Key benefits of Commvault HyperScale™ Technology

  • Simplicity: Deploy and expand a hyperconverged pool in as little as 30 minutes. Single, easy to use management console, Commvault Command Center™, delivers simplified management of the entire solution.
  • Lower Infrastructure Costs: Runs on general purpose x86 servers with built-in storage. Eliminates the need for expensive external storage. Eliminates dedicated media servers further reducing hardware costs.
  • Resiliency and Availability: Highly resilient architecture with redundant hardware components. Erasure encoding ensures data is available through multiple drive or node failures. Partitioned deduplication and Gridstor® enable data management operations to run uninterrupted.
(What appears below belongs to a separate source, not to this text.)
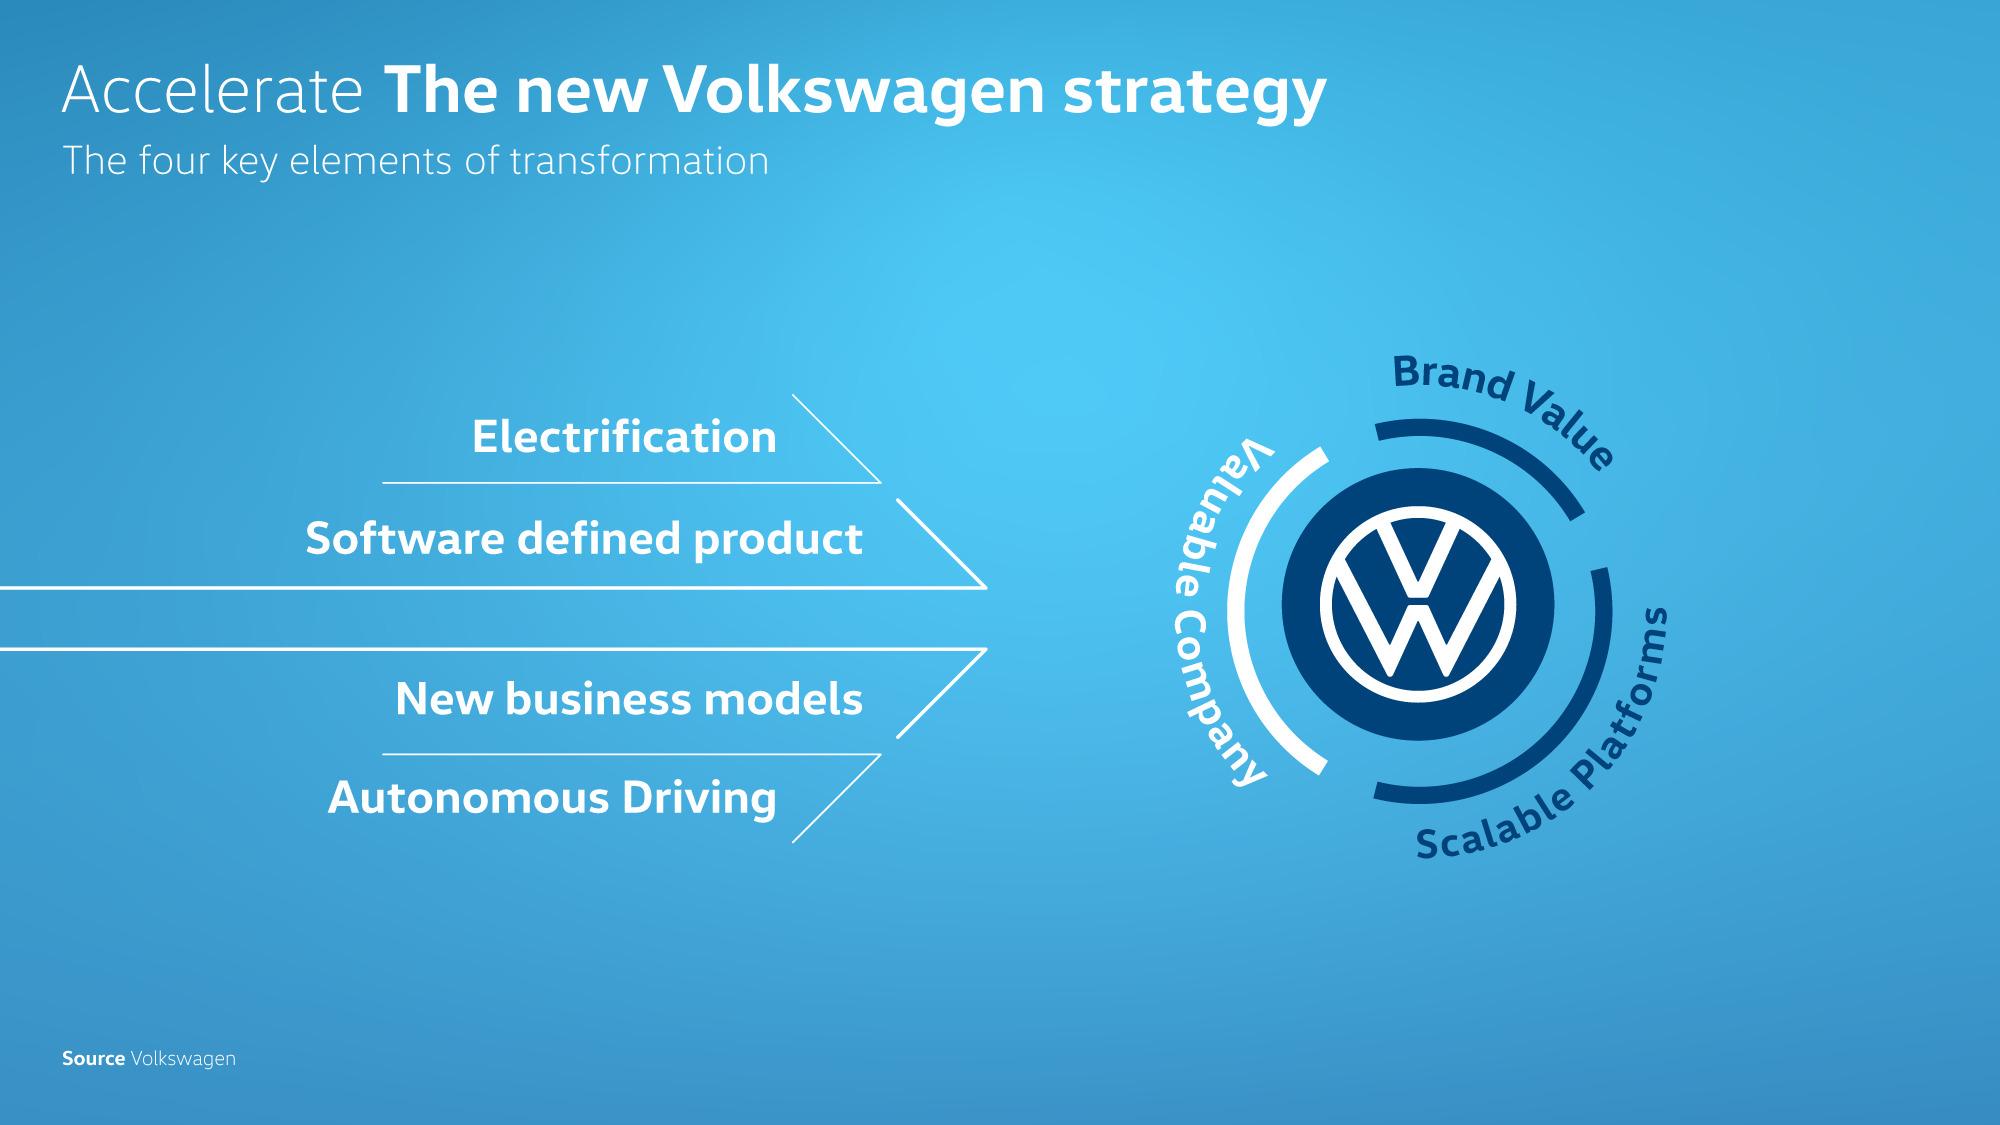 VW_Accelerate_strategy_アクセレレート戦略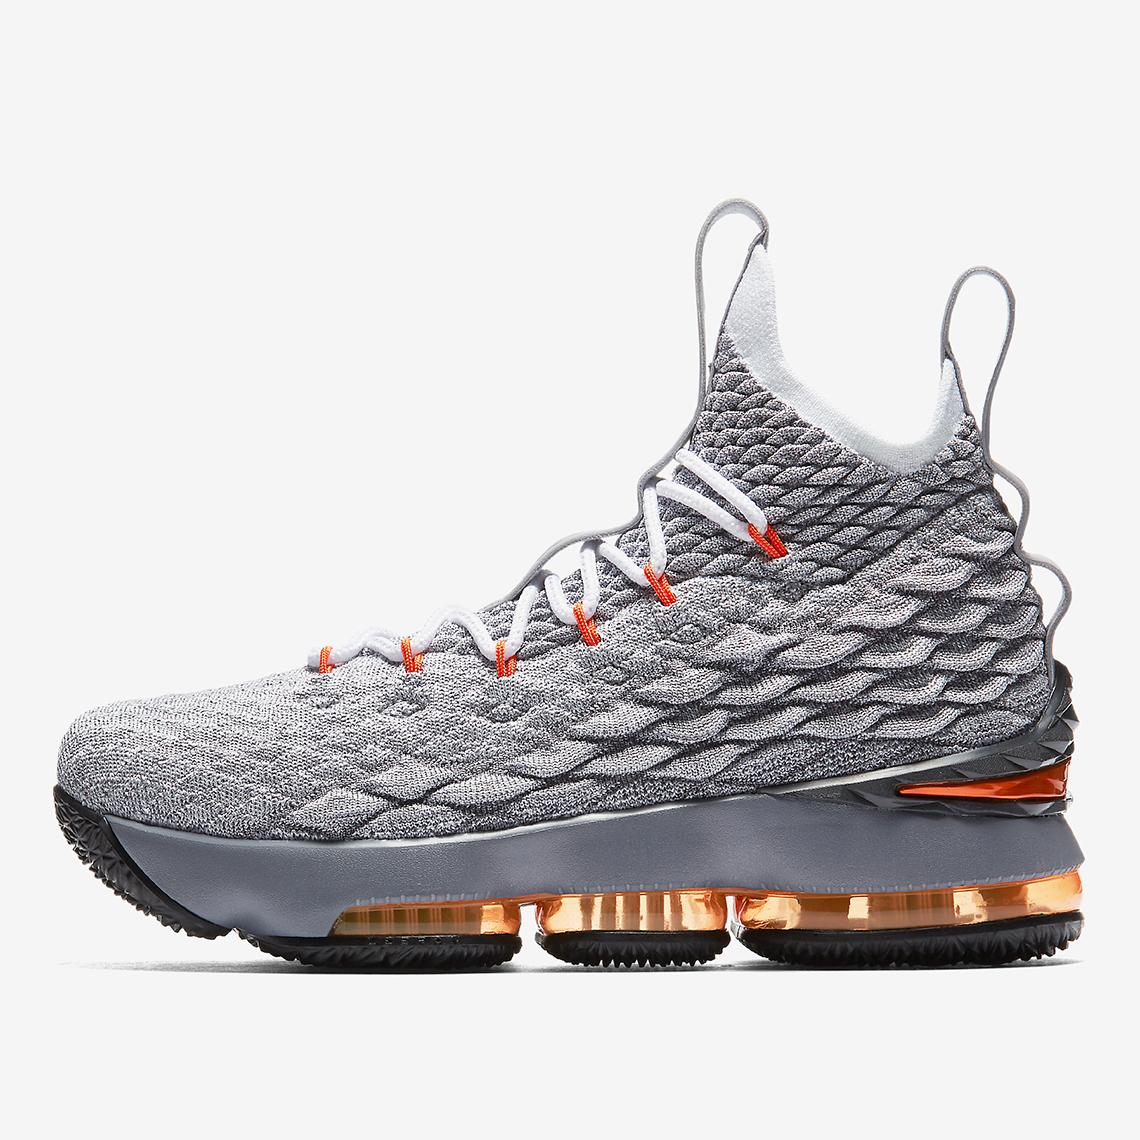 new product 992ea 2d10b Nike LeBron 15

WAN optimized replication and geo-dispersed clustering options are available for DR.
  • Active Copy Management: Active Copy Management for all critical enterprise applications on a variety of physical and virtual platforms for very low RPO/RTO. Tight integration with all major primary storage vendors for snapshot based copy management including new flash based devices.
  • High Performance Deduplication: Large deduplication pools with distributed processing across multiple nodes to meet the most demanding RPO/RTO needs.
  • Operational Efficiency: No fork lift upgrades needed. Evergreen storage pool with nodes that can be upgraded/replaced/fixed without disruption of services.
  • Scale and Flexibility: Storage pool can start small and expand dynamically as needed, up to petabytes of usable capacity. Mix multiple generations of hardware in a single pool to rapidly benefit from newer architectures and drive densities.
  • Instant Data Access: Restore-less access to data copies by users and applications using standard interfaces from all managed copies including cloud copies. Scale-out compute nodes can handle the most demanding read requests across several users or applications.
  • Cloud Integration: Tier to all major public cloud storage providers for offsite copies and long term retention. Transform on-premises workloads into public cloud instances, protect cloud-native workloads and replicate data back to on-premises. Provisioning policies to spin up/spin down cloud resources on demand.
  • Automation and APIs: Programmable workflow engine to automate the most complex tasks involving the usage of secondary storage copies, and create custom portals to suit the unique needs of an organization. Command line tools and REST API available to be used with multiple programming tools including C#, Python and Ruby.
  • Validated Reference Designs: Validated reference designs with leading hardware providers to offer flexibility and choice for underlying hardware.
  • Simplified Support: Commvault® is responsible for supporting all elements of the software stack including the operating system for the storage pool nodes. On the the Commvault HyperScale™ Appliance, complete stack support, inclusive of hardware, is handled directly through Commvault.
  • Flexible Pricing Options: Simple, flexible and subscription based pricing models for cloud like economics and quicker ROI.

Uniquely broad platform support

Commvault understands that when it comes to data management on-premises and in the cloud, customers have to deal with various kinds of workloads. With that in mind, Commvault HyperScale™ Technology supports over 200 platforms which includes various operating systems, applications & databases, storage platforms, big data, SaaS and cloud native applications to provide comprehensive coverage for workloads in the industry.